Creae a simple help function to wrap the restful endpoint call:

In [None]:
import urllib.request
import json

from PIL import Image
from torchvision.transforms import functional as F
import numpy as np


def service_infer(url, body, api_key):
    headers = {'Content-Type':'application/json', 'Authorization':('Bearer '+ api_key)}

    req = urllib.request.Request(url, body, headers)

    try:
        response = urllib.request.urlopen(req)

        result = response.read()
        return result

    except urllib.error.HTTPError as error:
        print("The request failed with status code: " + str(error.code))

        # Print the headers - they include the requert ID and the timestamp, which are useful for debugging the failure
        print(error.info())
        print(json.loads(error.read().decode("utf8", 'ignore')))

### Test a Few Examples

In [None]:
url = 'http://obj-seg-predictor-default.default.10.217.119.227.xip.io/v1/models/obj-seg:predict' # replace with url from your deployment
api_key = ''  

img_nums = ["00001","00002"]
image_paths = ["PennFudanPed\\PNGImages\\FudanPed{}.png".format(item) for item in img_nums]
image_np_list = []
for image_path in image_paths:
    img = Image.open(image_path)
    img.show("input_image")
    img_rgb = img.convert("RGB")
    img_tensor = F.to_tensor(img_rgb)
    img_np = img_tensor.numpy()
    image_np_list.append(img_np.tolist())

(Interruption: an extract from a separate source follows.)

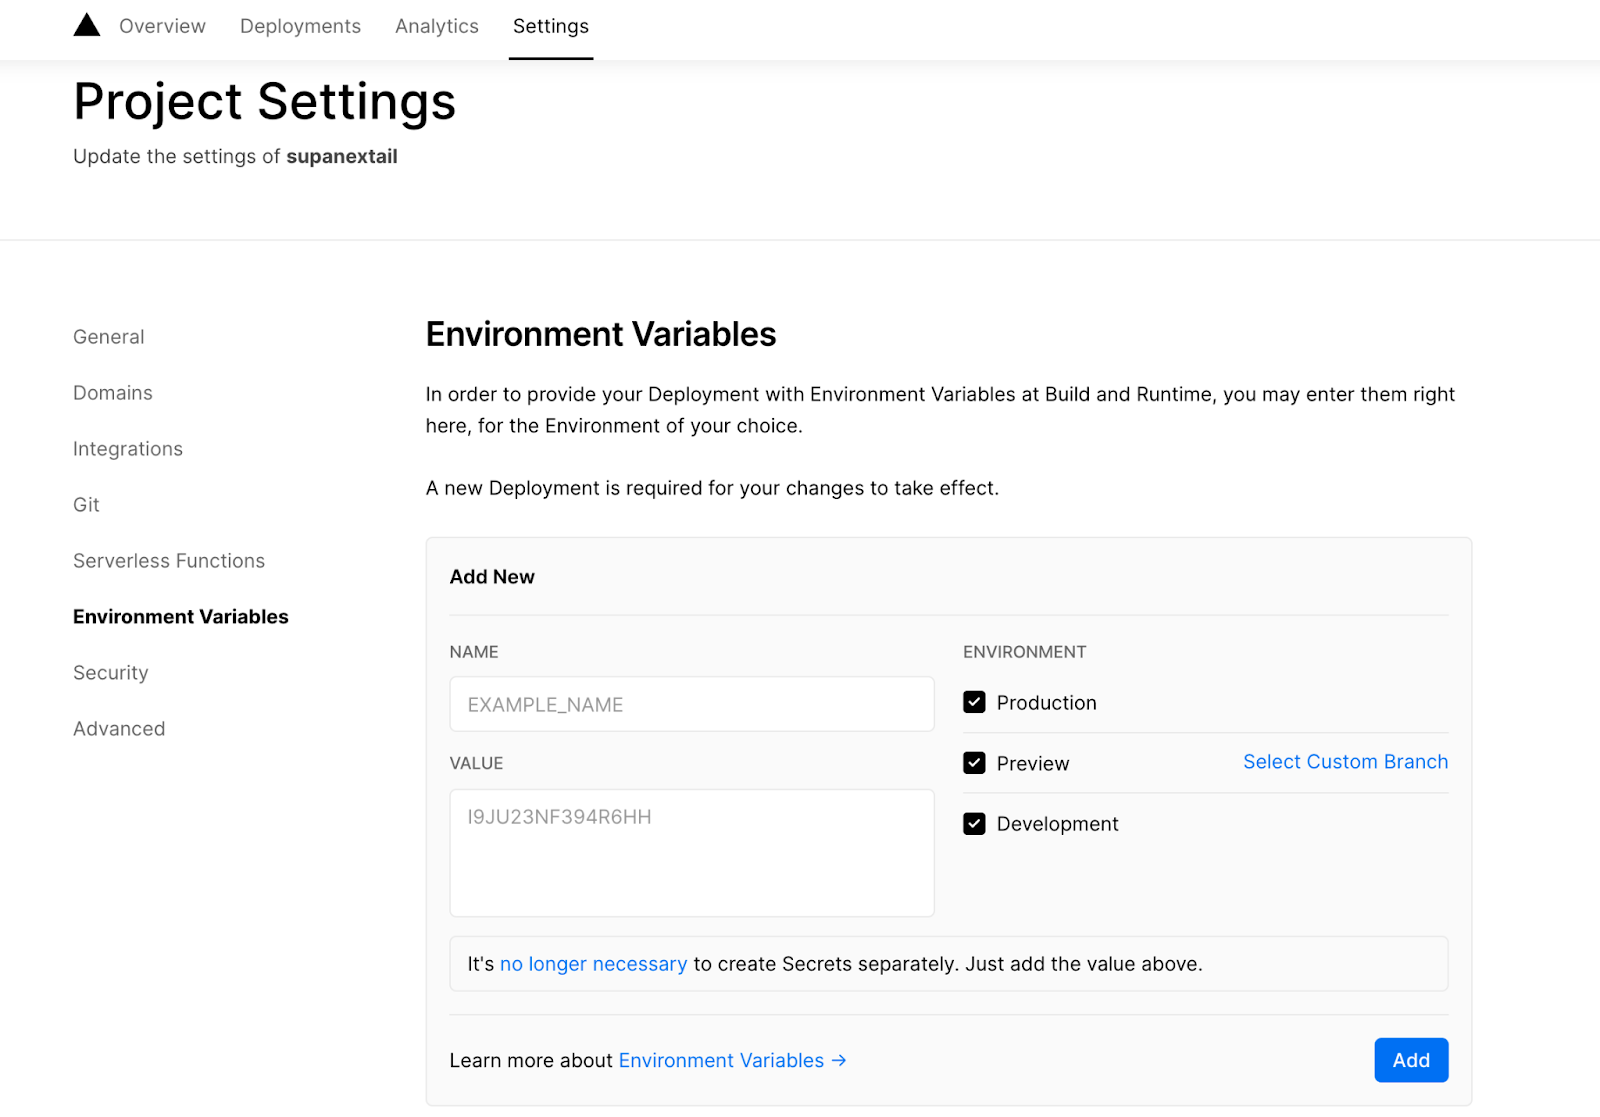 If you are using Vercel, this happens in the dashboard of your project, in the settings tab. You can add your variables in the 3 environments (production/preview/development).
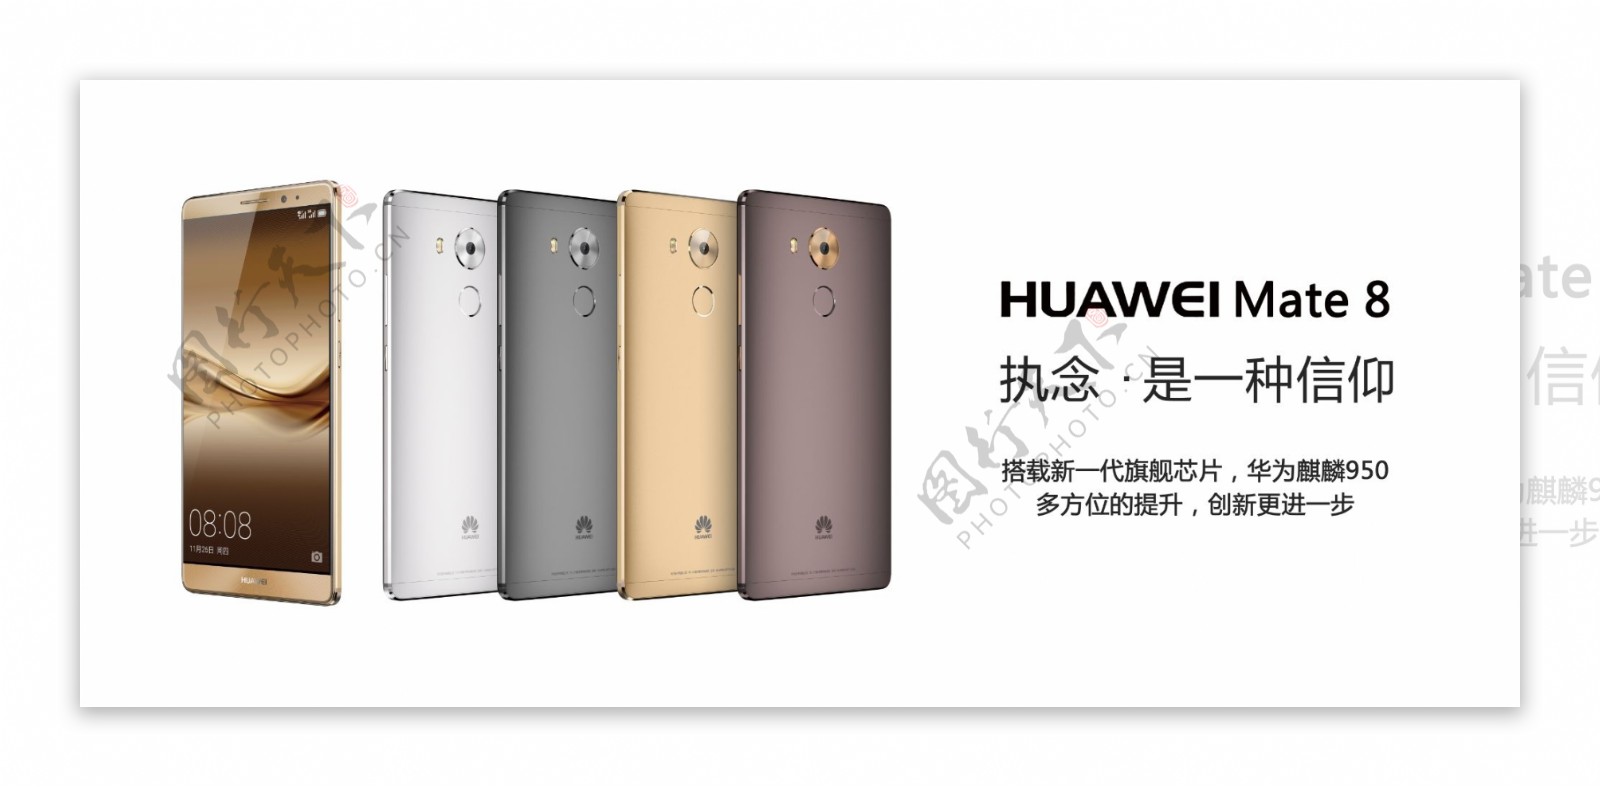 Huawei Mate 8 launches this December 9th in China - NotebookCheck.net News

request = {"instances": image_np_list}
inputs = json.dumps(request)

body = str.encode(inputs)
resp = service_infer(url, body, api_key)
p_obj = json.loads(resp)

# put the model in evaluation mode
for instance_pred in p_obj["predictions"]:
    image_data = instance_pred["masks"]
    img_np = np.array(image_data)
    output = Image.fromarray(img_np)
    output.show()